The simple answer is no. This isn't even initially about type inference - it's about type constraints. You can only add constrain a type parameter which is introduced in the same declaration. So this:
public static void SomeMethod<U>(Action<T> d) where T: IGeneric<U>
is invalid because you're trying to constrain T in terms of U, when it's U which was actually introduced in the method declaration. Indeed, T itself isn't a type parameter anywhere - but this would fail even if SomeClass were generic in T.
In many situations similar to this you can go via an extra static method in a non-generic type, to create an instance of a generic type via type inference - but the specifics are usually that you've got two type parameters and you want to specify one of them explicitly.

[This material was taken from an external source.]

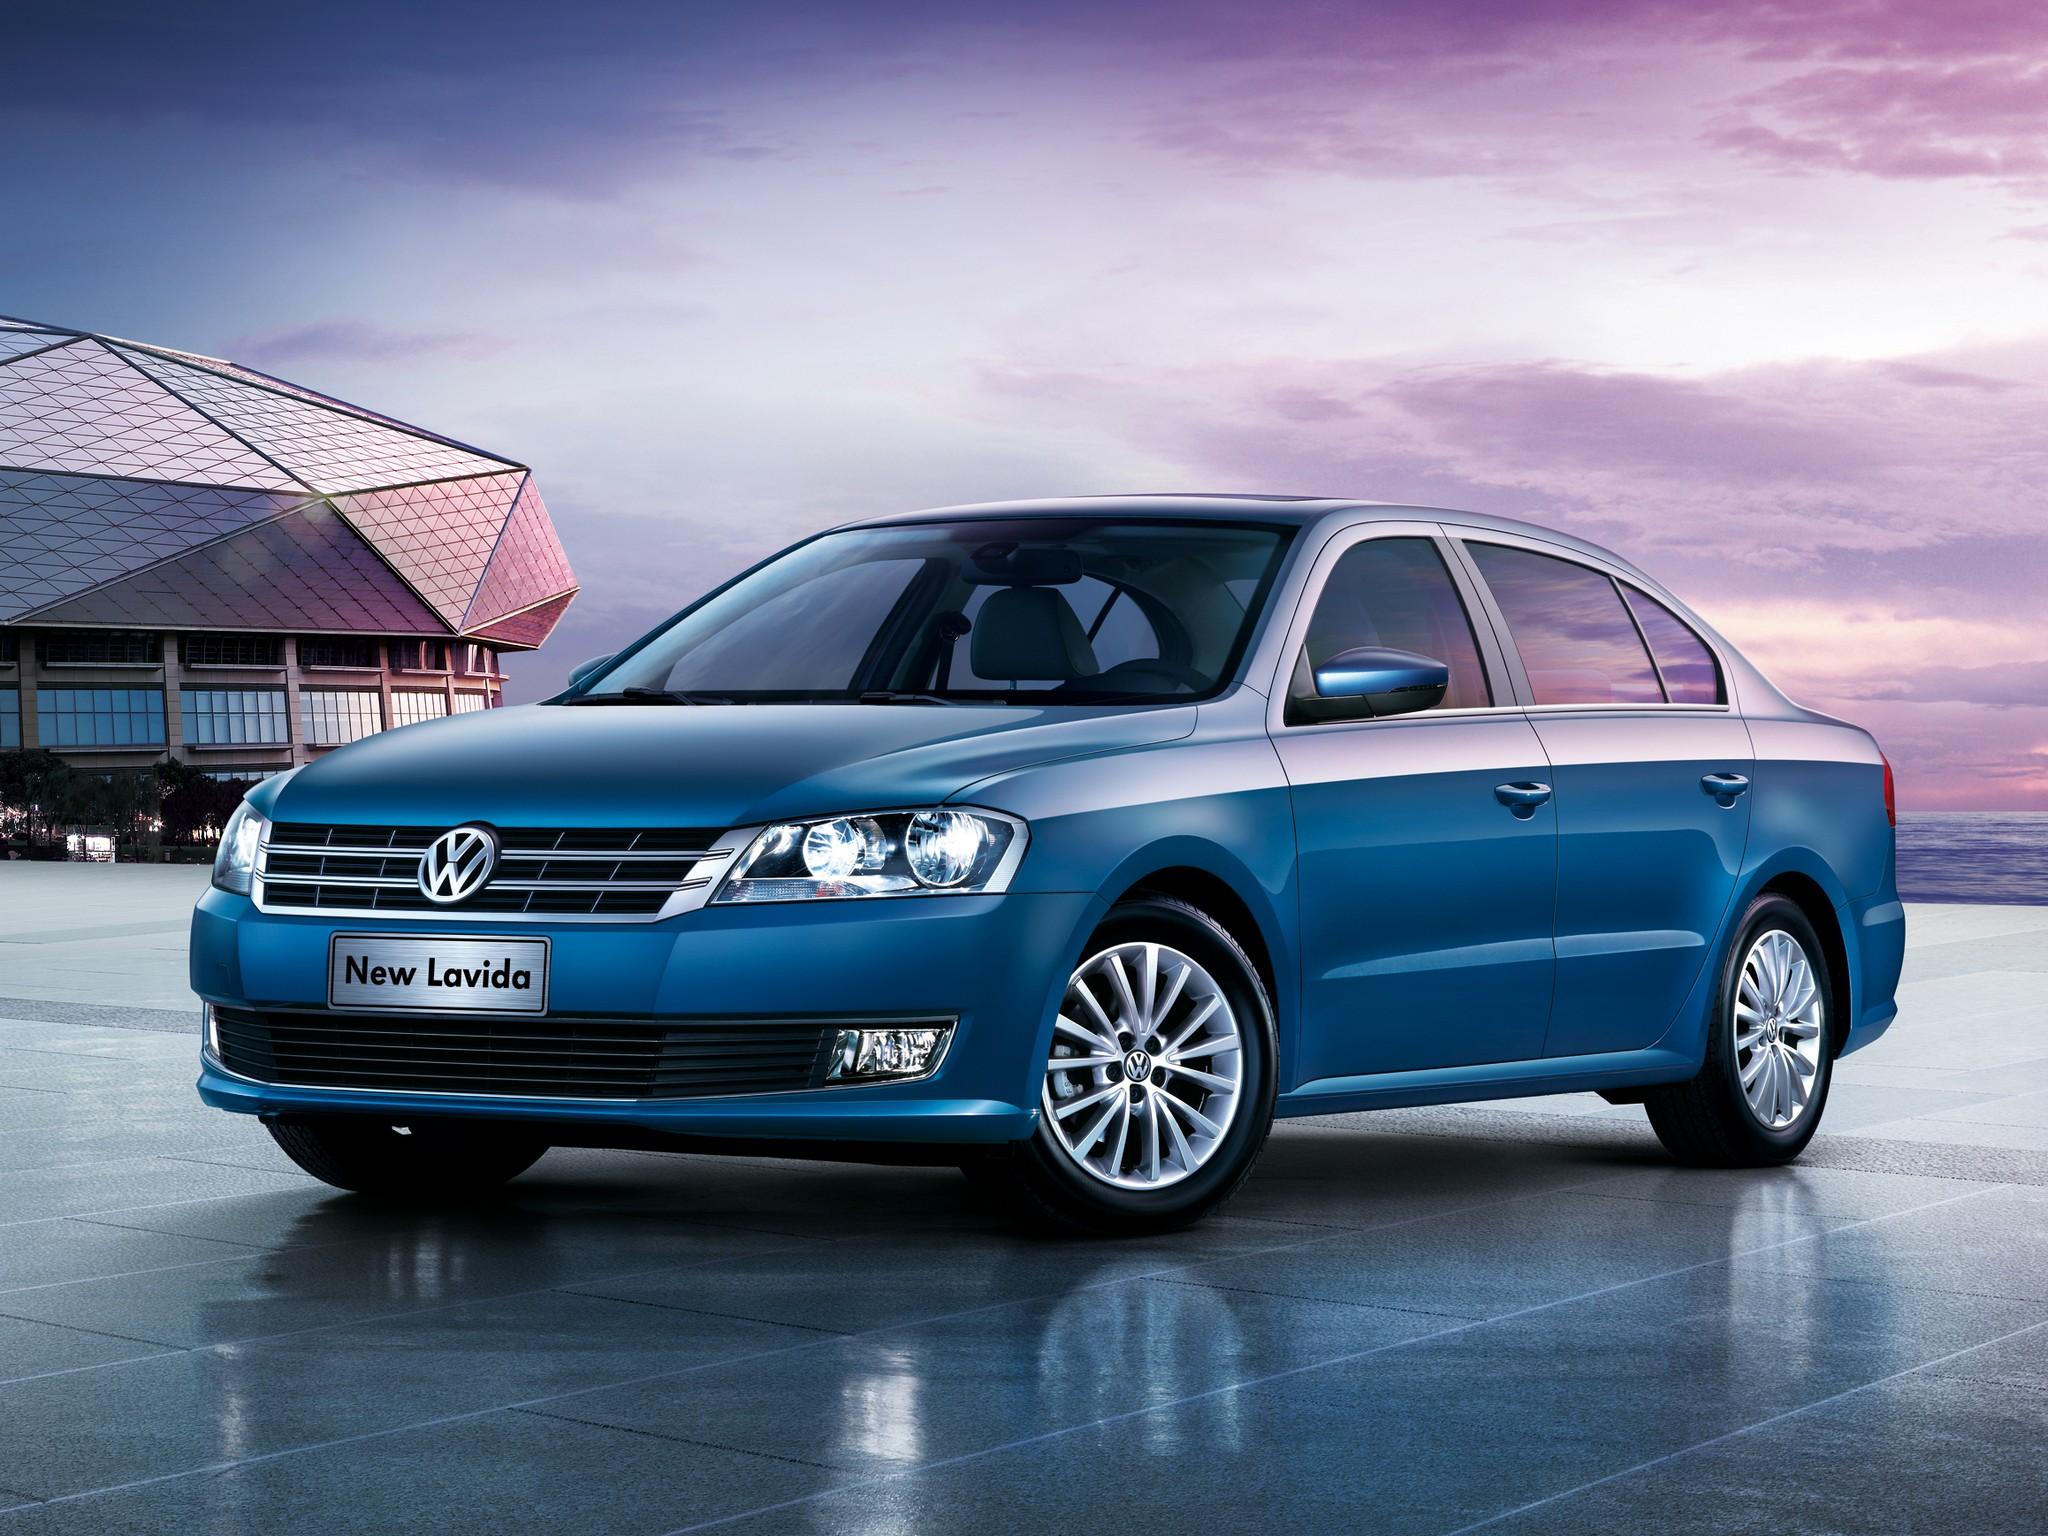 Volkswagen Lavida photos - PhotoGallery with 12 pics| CarsBase.com

One important point to note is that an Action<Concrete> simply is not an Action<IGeneric<object>>. For example, Concrete may expose some extra property which an Action<Concrete> could depend on - but given an Action<IGeneric<object>> you could easily call that with a different implementation of IGeneric<object>. Your existing SomeMethod tries to sort of work around that by specific Action<U> instead of Action<IGeneric<T>> - but at that point it's relatively hard to use the action. This is rarely (in my experience) a practical approach, even when type inference works.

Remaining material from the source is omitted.